Conseil d'État — Décision N° 492462

mardi 13 mai 2025

JuridictionConseil d'État
SectionSection du Contentieux
N° Dossier492462
ECLIECLI:FR:CECHS:2025:492462.20250513
TypeDécision
RecoursPlein contentieux
PublicationD
Formation8ème chambre jugeant seule
Avocat requérantBOUTHORS

Texte intégral

Vu la procédure suivante :

La société par actions simplifiée (SAS) Astradec a demandé au tribunal administratif de Lille de prononcer la décharge de l'obligation de payer procédant de la mise en demeure qui lui a été adressée par le pôle de recouvrement Nord-DIRCOFI pour obtenir le paiement d'une somme de 206 220 euros correspondant aux rappels de taxe sur la valeur ajoutée qui lui ont été réclamés au titre de la période du 1er janvier 2012 au 31 décembre 2013. Par une ordonnance n° 2205299 du 15 septembre 2022, le président de la 4ème chambre de ce tribunal a rejeté cette demande.
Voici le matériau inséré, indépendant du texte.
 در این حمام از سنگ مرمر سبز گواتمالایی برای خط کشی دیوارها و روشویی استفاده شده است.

Par un arrêt n° 22DA02356 du 11 janvier 2024, la cour administrative d'appel de Douai a rejeté l'appel formé par la société Astradec contre ce jugement.
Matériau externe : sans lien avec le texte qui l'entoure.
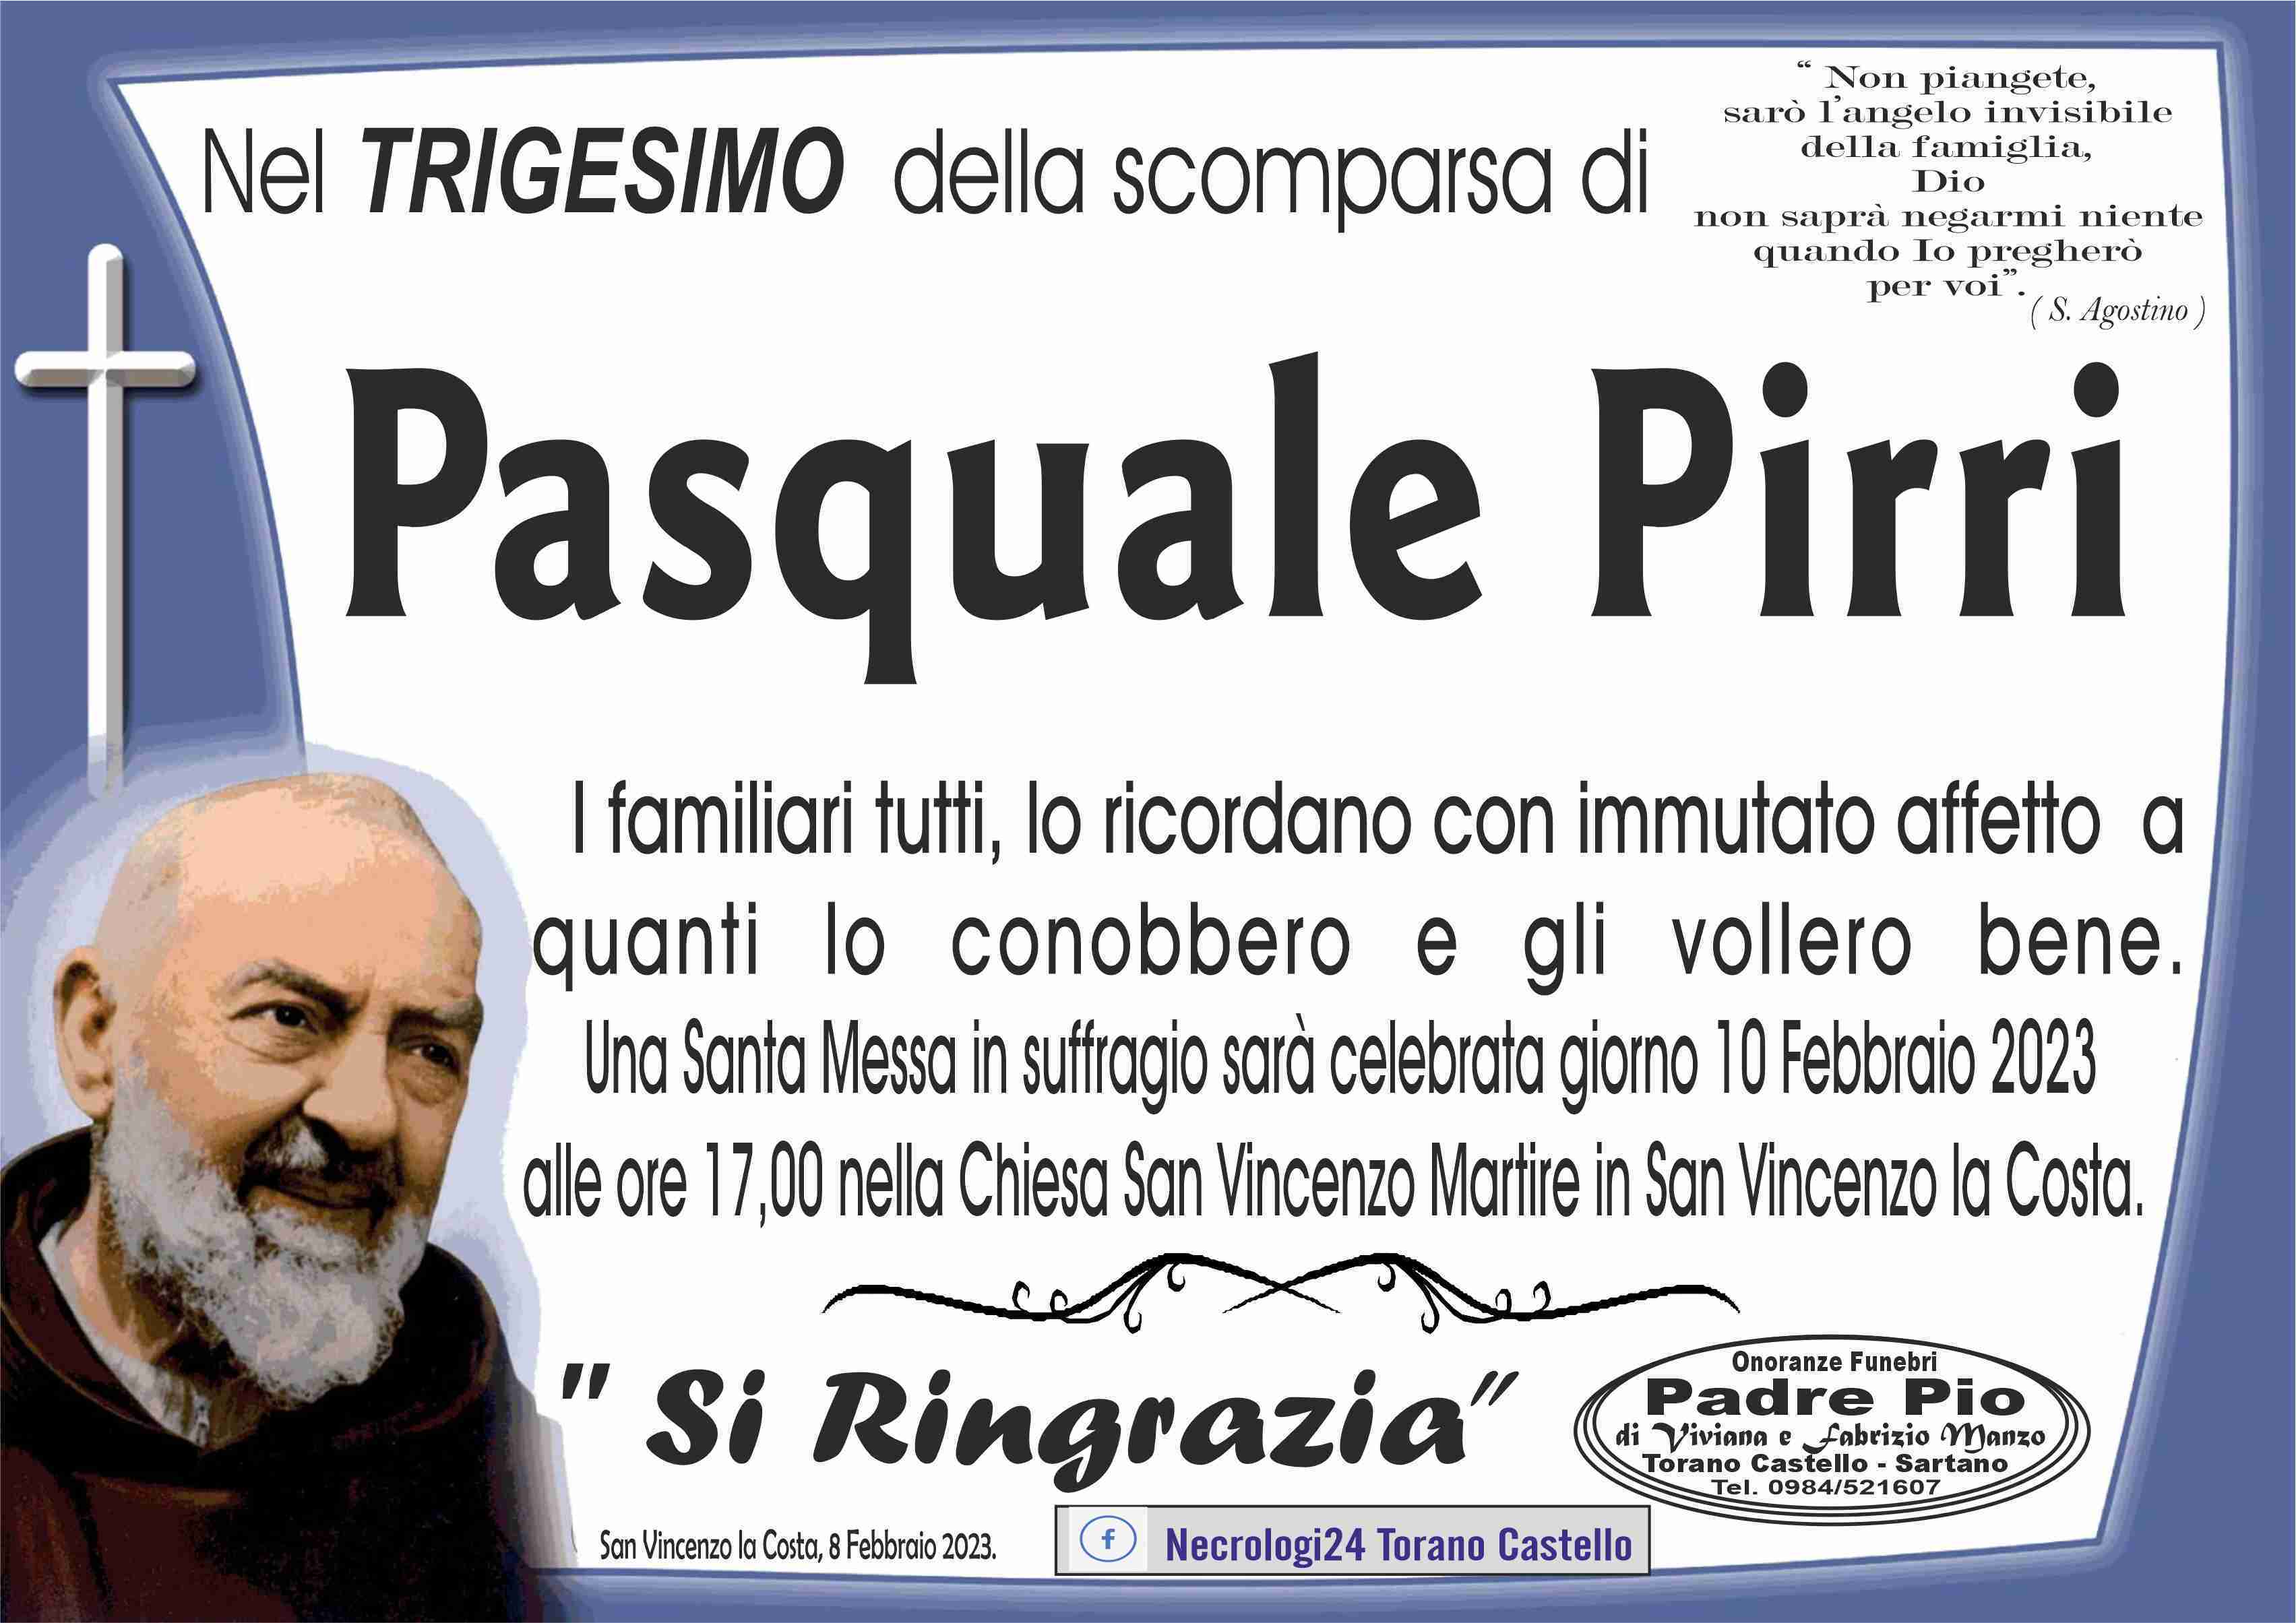 Pasquale Pirri

Par un pourvoi sommaire et un mémoire complémentaire, enregistrés les 11 mars et 11 juin 2024 au secrétariat du contentieux du Conseil d'Etat, la société Astradec demande au Conseil d'Etat :

1°) d'annuler cet arrêt ;

2°) réglant l'affaire au fond, de faire droit à son appel ;

3°) de mettre à la charge de l'Etat la somme de 5 000 euros au titre de l'article L. 761-1 du code de justice administrative.
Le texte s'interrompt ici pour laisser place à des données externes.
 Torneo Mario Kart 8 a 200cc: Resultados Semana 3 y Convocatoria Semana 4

Vu les autres pièces du dossier ;

Vu :

- le code général des impôts et le livre des procédures fiscales ;

- le code de justice administrative ;

Après avoir entendu en séance publique :

- le rapport de M. Vincent Mahé, conseiller d'Etat,

- les conclusions de Mme Karin Ciavaldini, rapporteure publique ;

La parole ayant été donnée, après les conclusions, à Me Bouthors, avocat de la SAS Astradec ;

Considérant ce qui suit :

1. Aux termes de l'article L. 822-1 du code de justice administrative : " Le pourvoi en cassation devant le Conseil d'Etat fait l'objet d'une procédure préalable d'admission. L'admission est refusée par décision juridictionnelle si le pourvoi est irrecevable ou n'est fondé sur aucun moyen sérieux ".

2. Pour demander l'annulation de l'arrêt qu'elle attaque, le société Astradec soutient que la cour administrative d'appel de Douai a :

- méconnu la portée de ses écritures en jugeant qu'en se prévalant de régularisations spontanées effectuées avant la mise en recouvrement de la dette fiscale contestée, elle devait être regardée comme soulevant un moyen relevant du contentieux d'assiette ;

- méconnu les dispositions de l'article R. 196-1 du livre des procédures fiscales en écartant comme inopérant le moyen tiré de ce que sa réclamation ne pouvait être regardée comme tardive ;

- méconnu les dispositions de l'article L. 80 A du livre des procédure fiscales et dénaturé les décisions administratives des 26 janvier 2017 et 27 janvier 2018 en jugeant qu'elles n'étaient pas de nature à faire obstacle à l'obligation de payer procédant de la mise en demeure en litige ;

- méconnu les dispositions de l'article L. 80 A du livre des procédure fiscales en jugeant qu'elle n'était pas fondée à se prévaloir des énonciations des commentaires administratifs publiés le 8 mars 2017 au bulletin officiel des finances publiques (BOFiP) - Impôts sous la référence BOI-REC-EVTS-20-10-30.

3. Aucun des moyens soulevés n'est de nature à permettre l'admission du pourvoi.

D E C I D E :

--------------

Article 1er : Le pourvoi de la société Astradec n'est pas admis.

Article 2 : La présente décision sera notifiée à la société par actions simplifiée Astradec.

Copie en sera adressée au ministre de l'économie, des finances et de la souveraineté industrielle et numérique.